# [Data records]
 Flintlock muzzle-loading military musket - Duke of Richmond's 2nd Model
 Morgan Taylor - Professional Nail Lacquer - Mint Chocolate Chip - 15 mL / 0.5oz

---

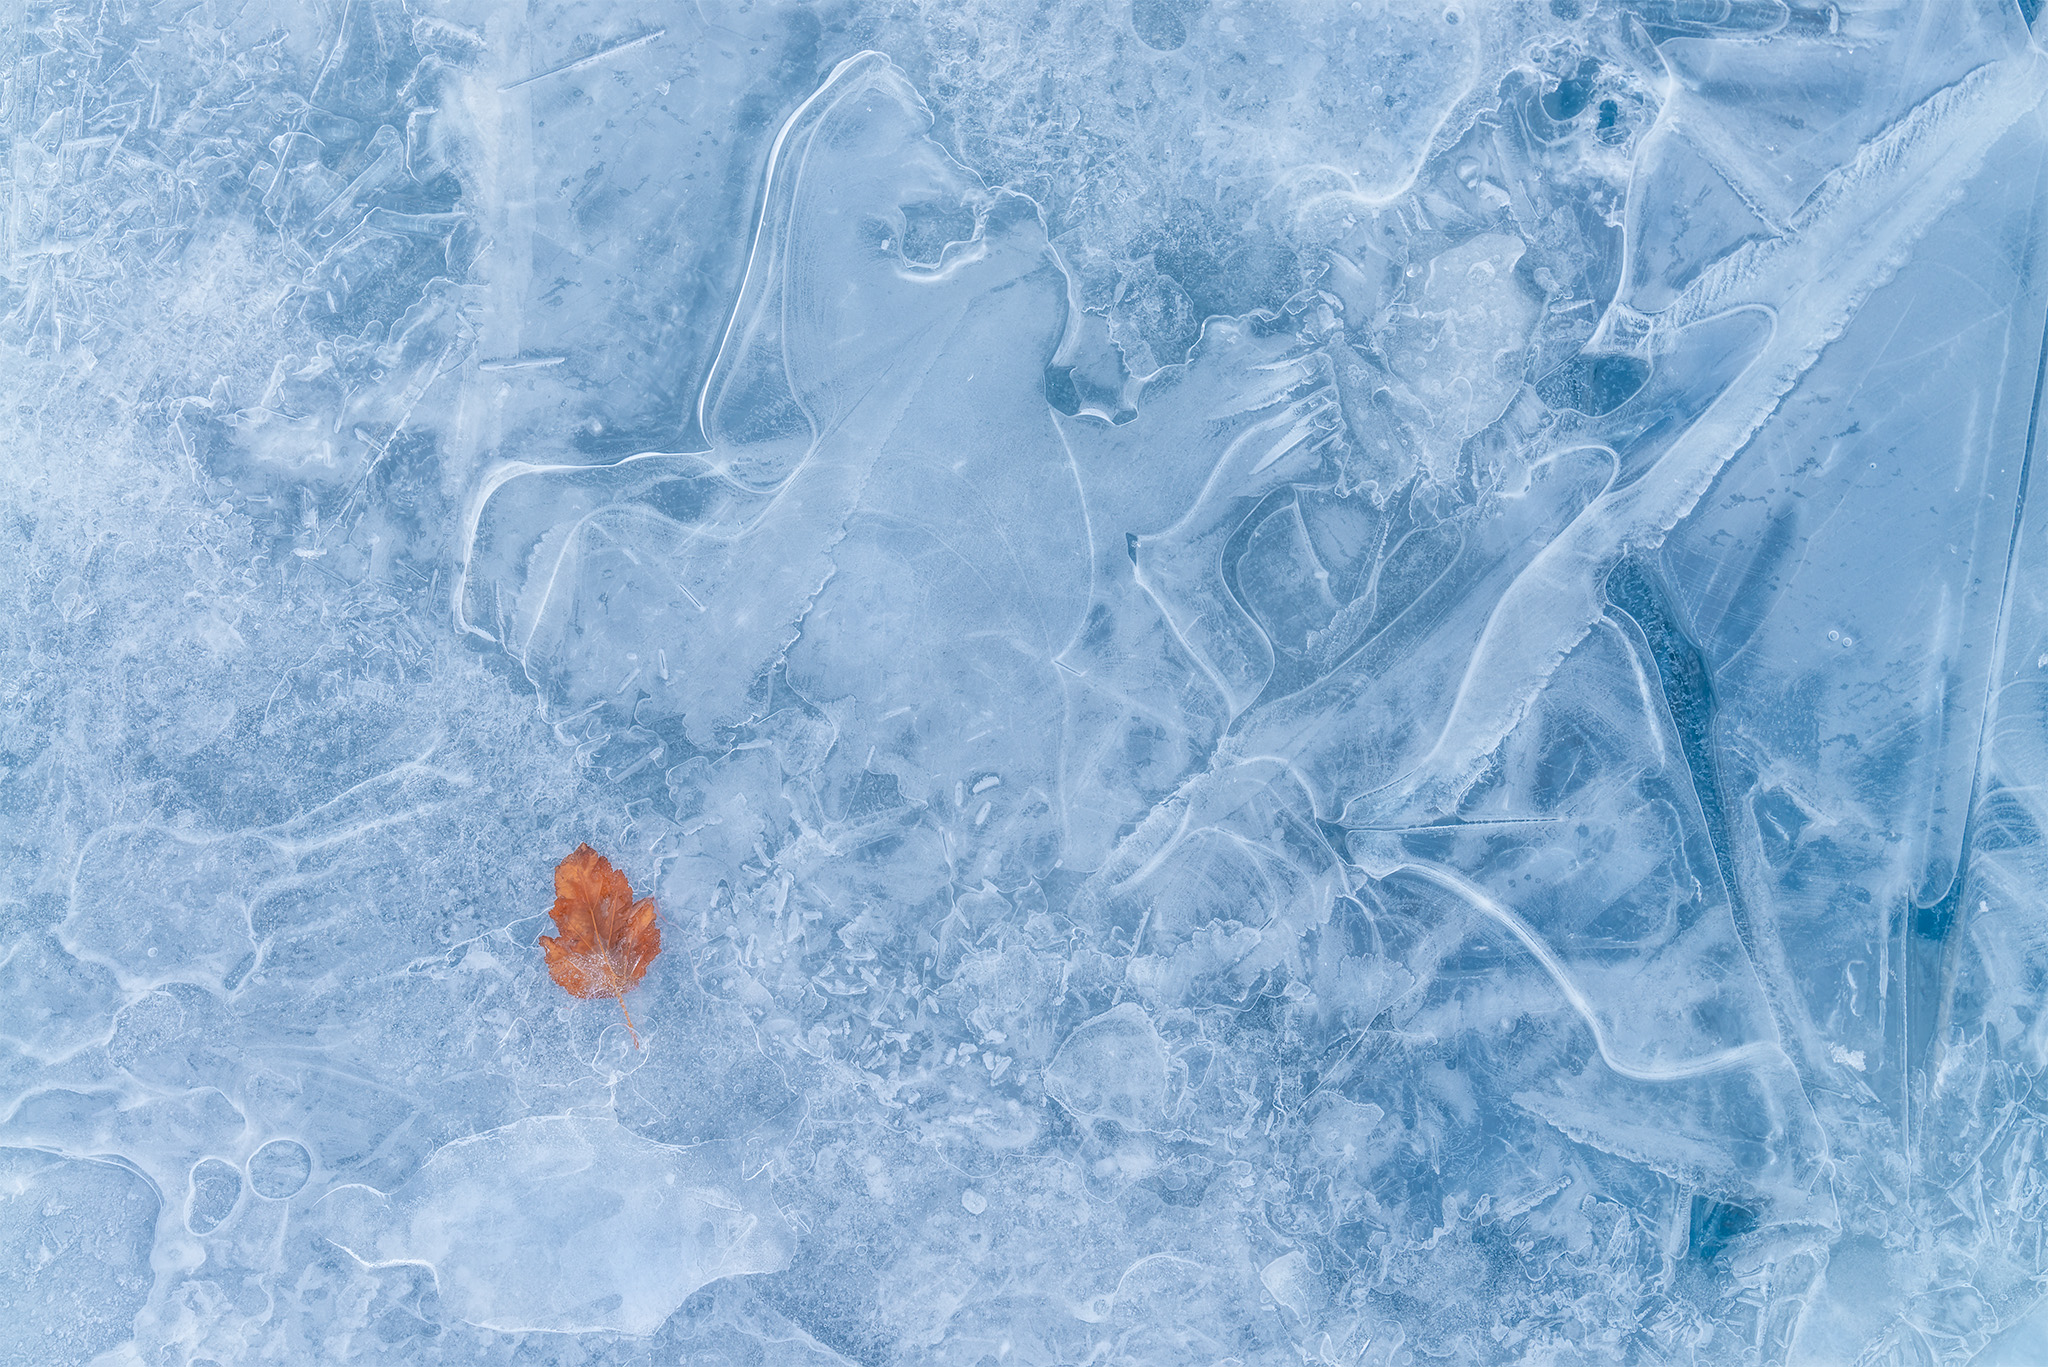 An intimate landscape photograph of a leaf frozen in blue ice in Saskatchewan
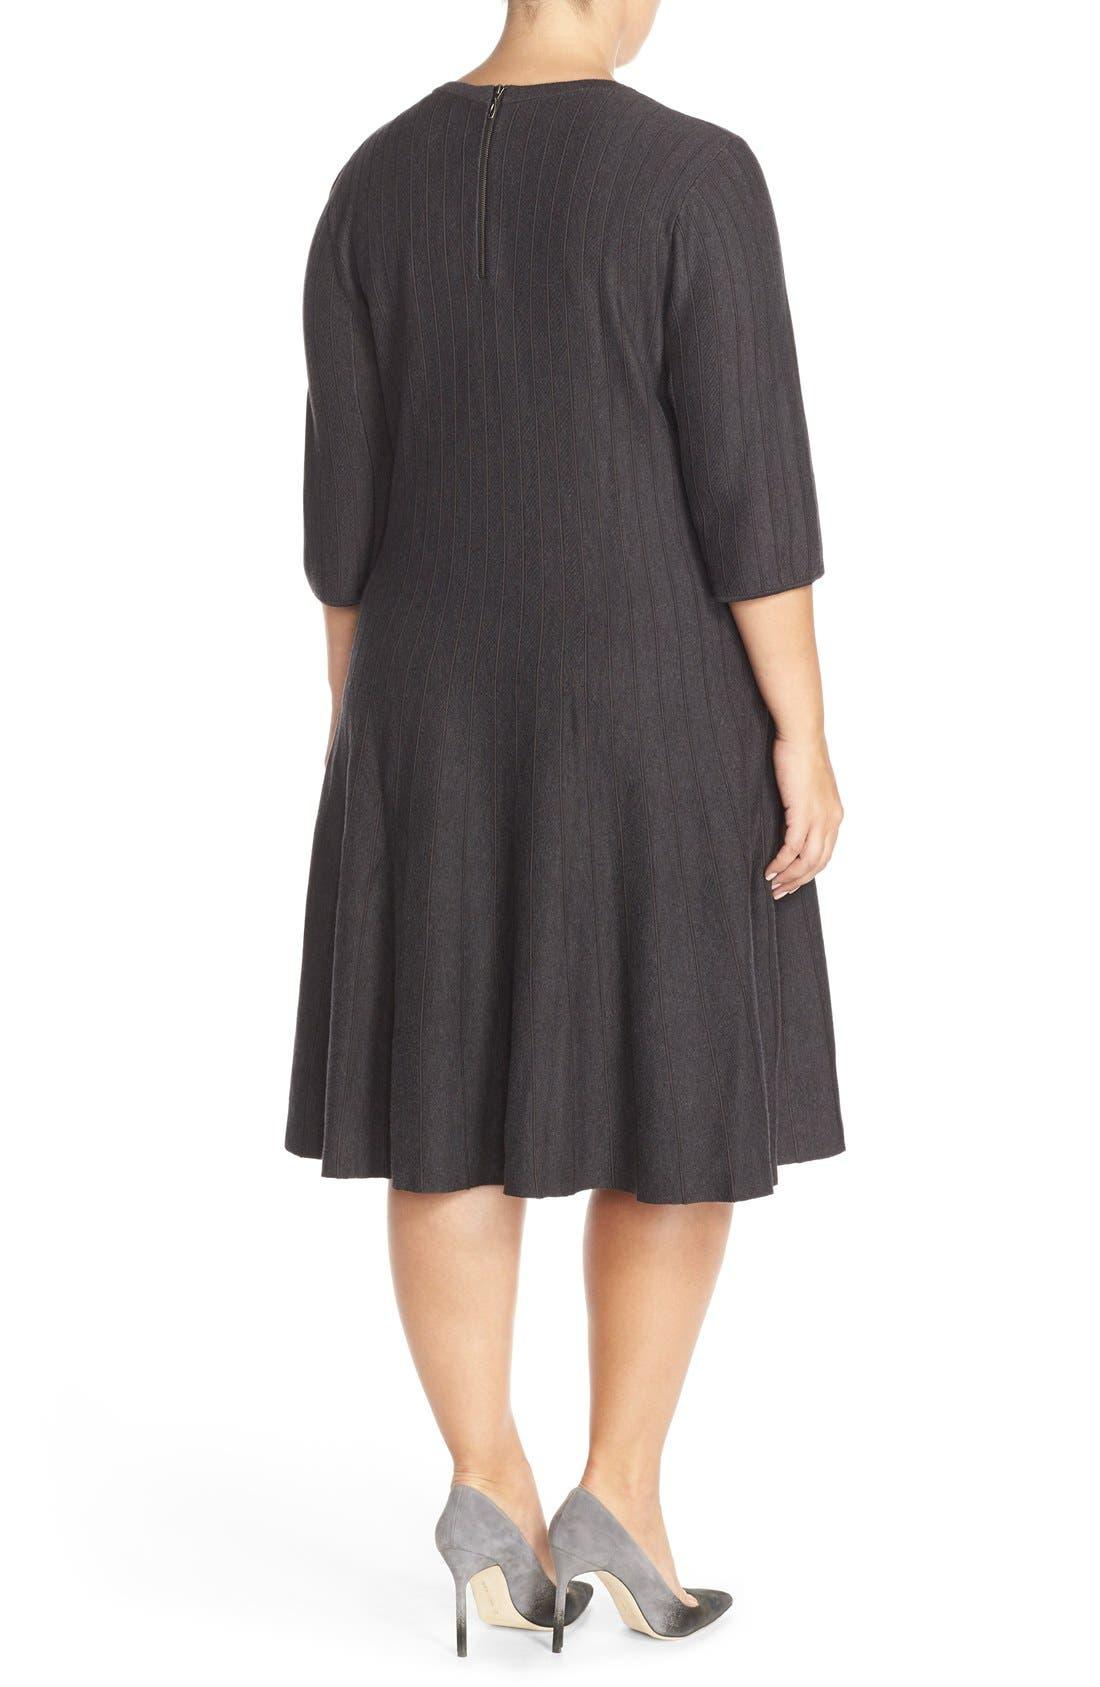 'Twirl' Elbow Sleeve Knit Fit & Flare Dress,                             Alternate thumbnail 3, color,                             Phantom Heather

# [Exercise aim]
In the entries above, find the line with "Flintlock muzzle-loading military" and the line with "Morgan Taylor - Professional", then set down exactly those two and every line between them, nothing else.

# [Response box]
 Flintlock muzzle-loading military musket - Duke of Richmond's 2nd Model
 Morgan Taylor - Professional Nail Lacquer - Mint Chocolate Chip - 15 mL / 0.5oz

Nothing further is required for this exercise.